К старшине на помощь подскочил еще один солдат и поймал Полякова за ноги. Они тащили его, как раненого на поле боя бойца. Павел смотрел на эту сцену, сжав губы. Лейтенант Маленький подошел к Клюфту и, положив ему руку на плечо, тихо сказал:
– Все, допрос с «очной ставкой» окончен. Пройдите вон на тот стул!
Павел вздрогнул, с недоверием посмотрел на офицера и спросил:
– Какой еще допрос с «очной ставкой»? Вы о чем? О чем говорил этот человек?
Но офицер махнул рукой, указывая на стул, стоявший напротив. Вадим Петрович, хлопнул в ладоши и потер ими друг дружку.
– Да, Павел Сергеевич. Да! Все кончено. Спасибо, вы нам так помогли.
– В
– Как, в чем? Вы же слышали признание этого человека. Человека, который носил форму сотрудника НКВД. А сам являлся засекреченным шпионом! Сотрудником немецкой разведки. Человеком, который и вас втянул в это преступление и который хотел вас убить! Чтобы скрыть следы! Теперь все закончилось! Все. Пора все сворачивать. Дело закрыто. Дело закрыто, ведь так? – сказал Вадим Петрович, последние слова предназначались лейтенанту.
Маленький вытянулся, как по струнке, и рявкнул:
– Так точно! Осталась последняя «очная ставка» и дело можно передавать в суд!
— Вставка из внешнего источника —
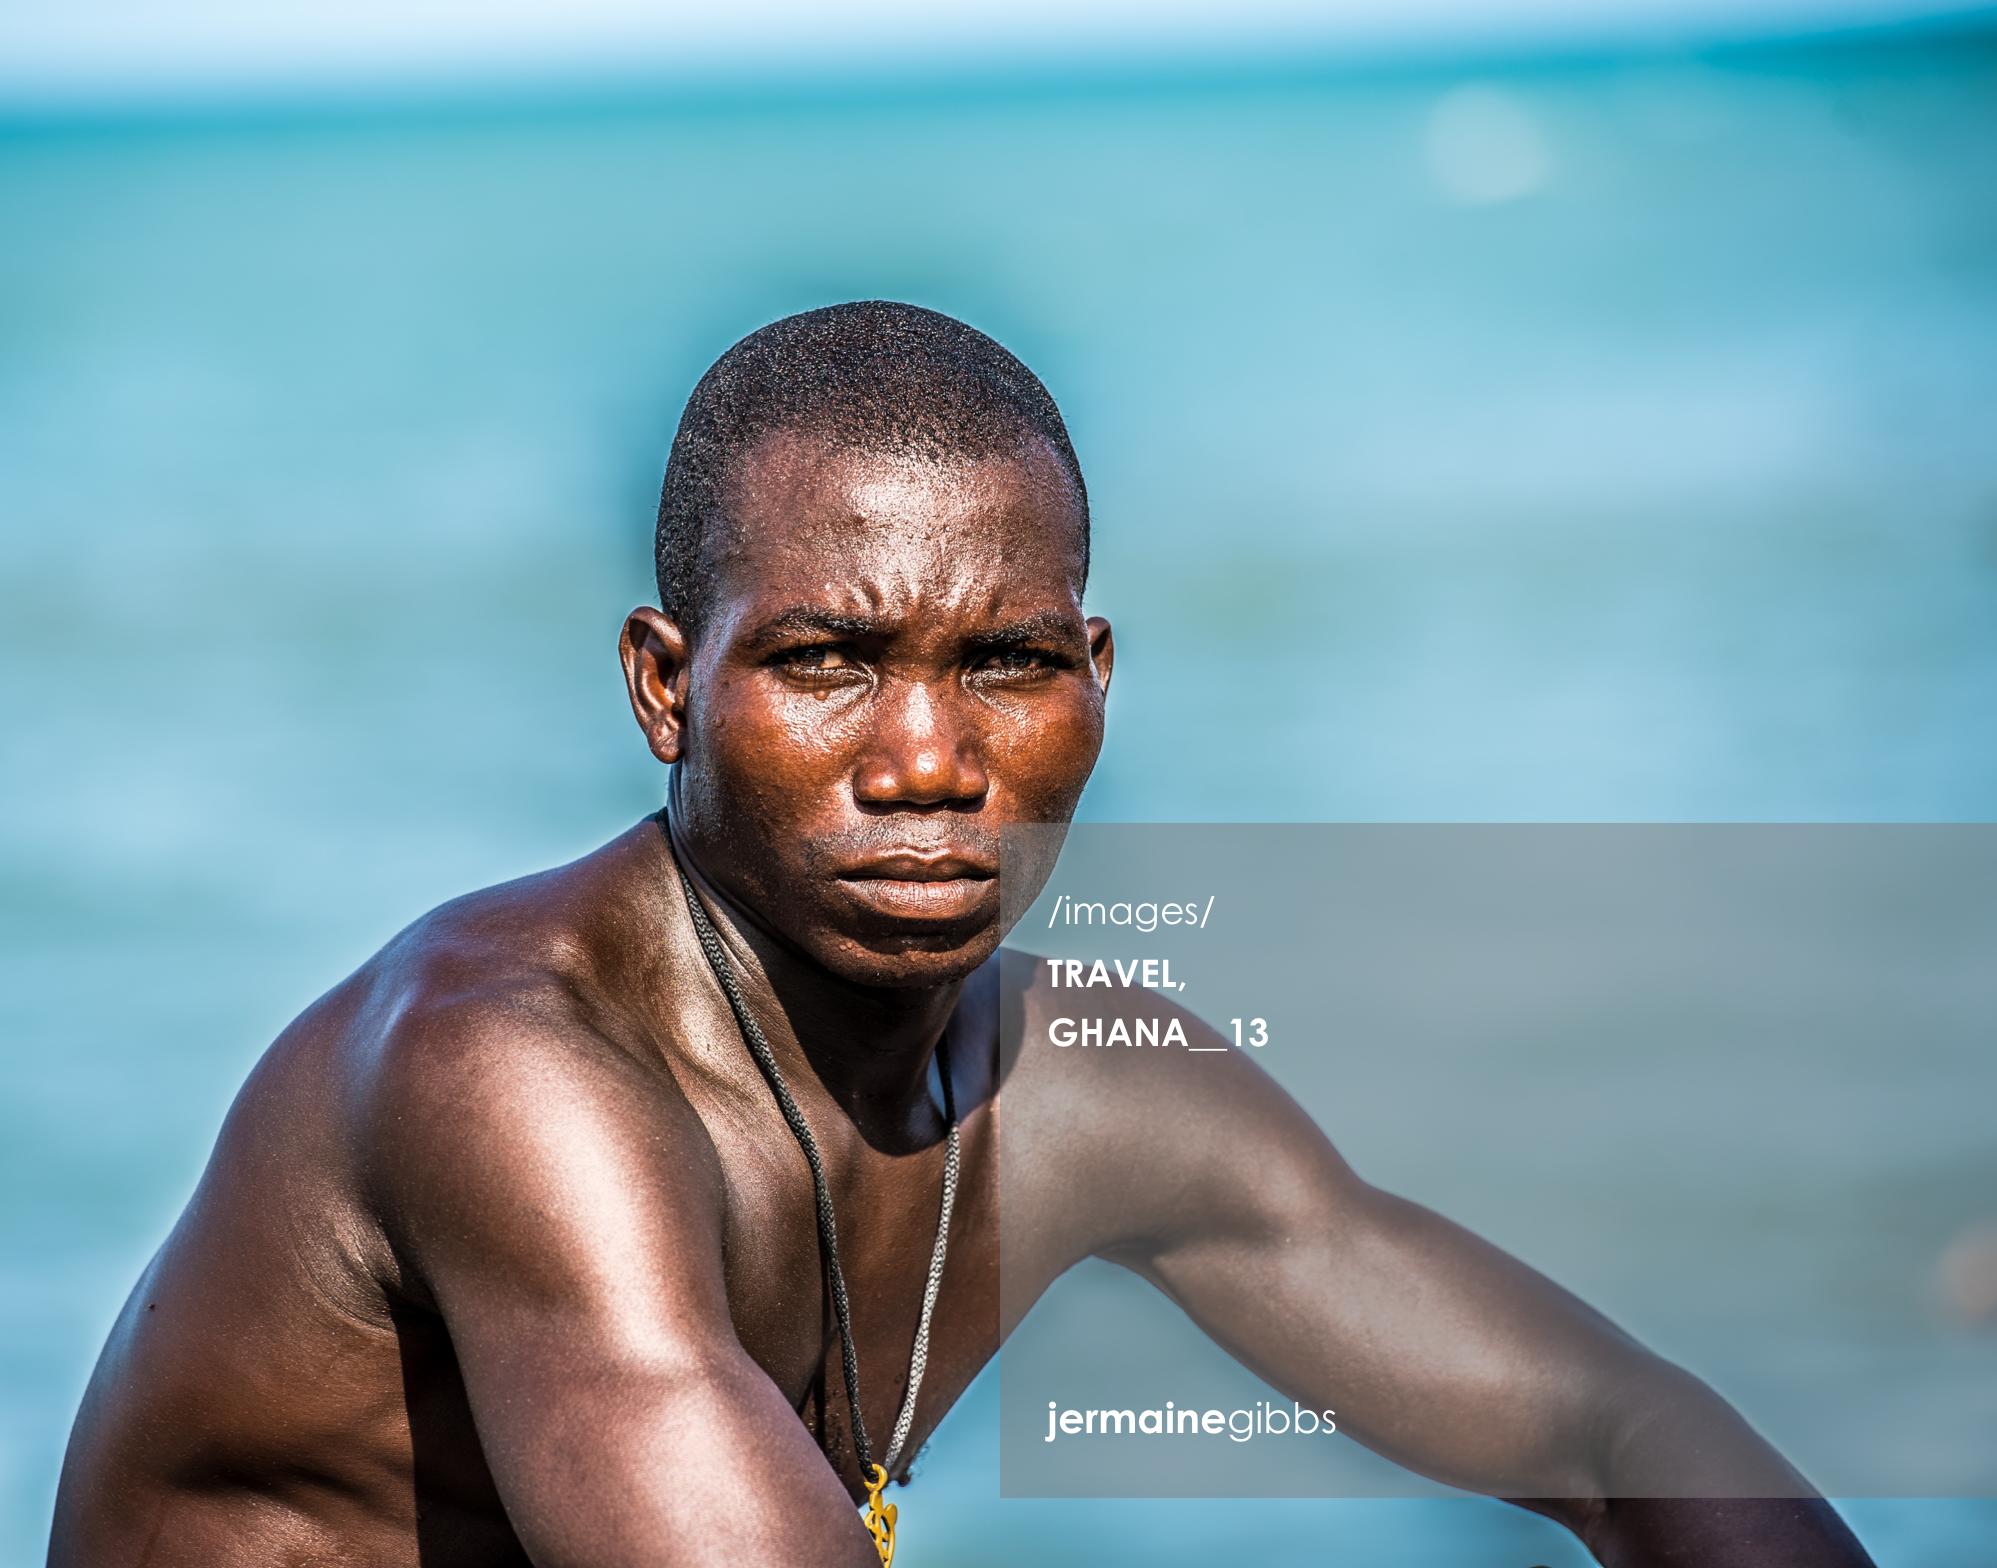 Travel_Ghana__13

Павел слушал этот диалог, это сотрясание воздуха и понимал – все его надежды рухнули!
«Какой там волшебник?! Злой колдун искуситель! Вот кто этот щеголь в модном костюме! Колдун с полномочиями какого-то важного чина из Москвы! Меня опять обманули! Опять! Опять этот чудовищный спектакль! Но зачем? Неужели они ставят его сами для себя?! Все эти сцены они ставят, чтобы смотреть на них самим? Чтобы верить в них? Или просто делать вид, что верят? А я? Зачем я участвую во всем этом? Зачем? Почему?!» – Павел разозлился.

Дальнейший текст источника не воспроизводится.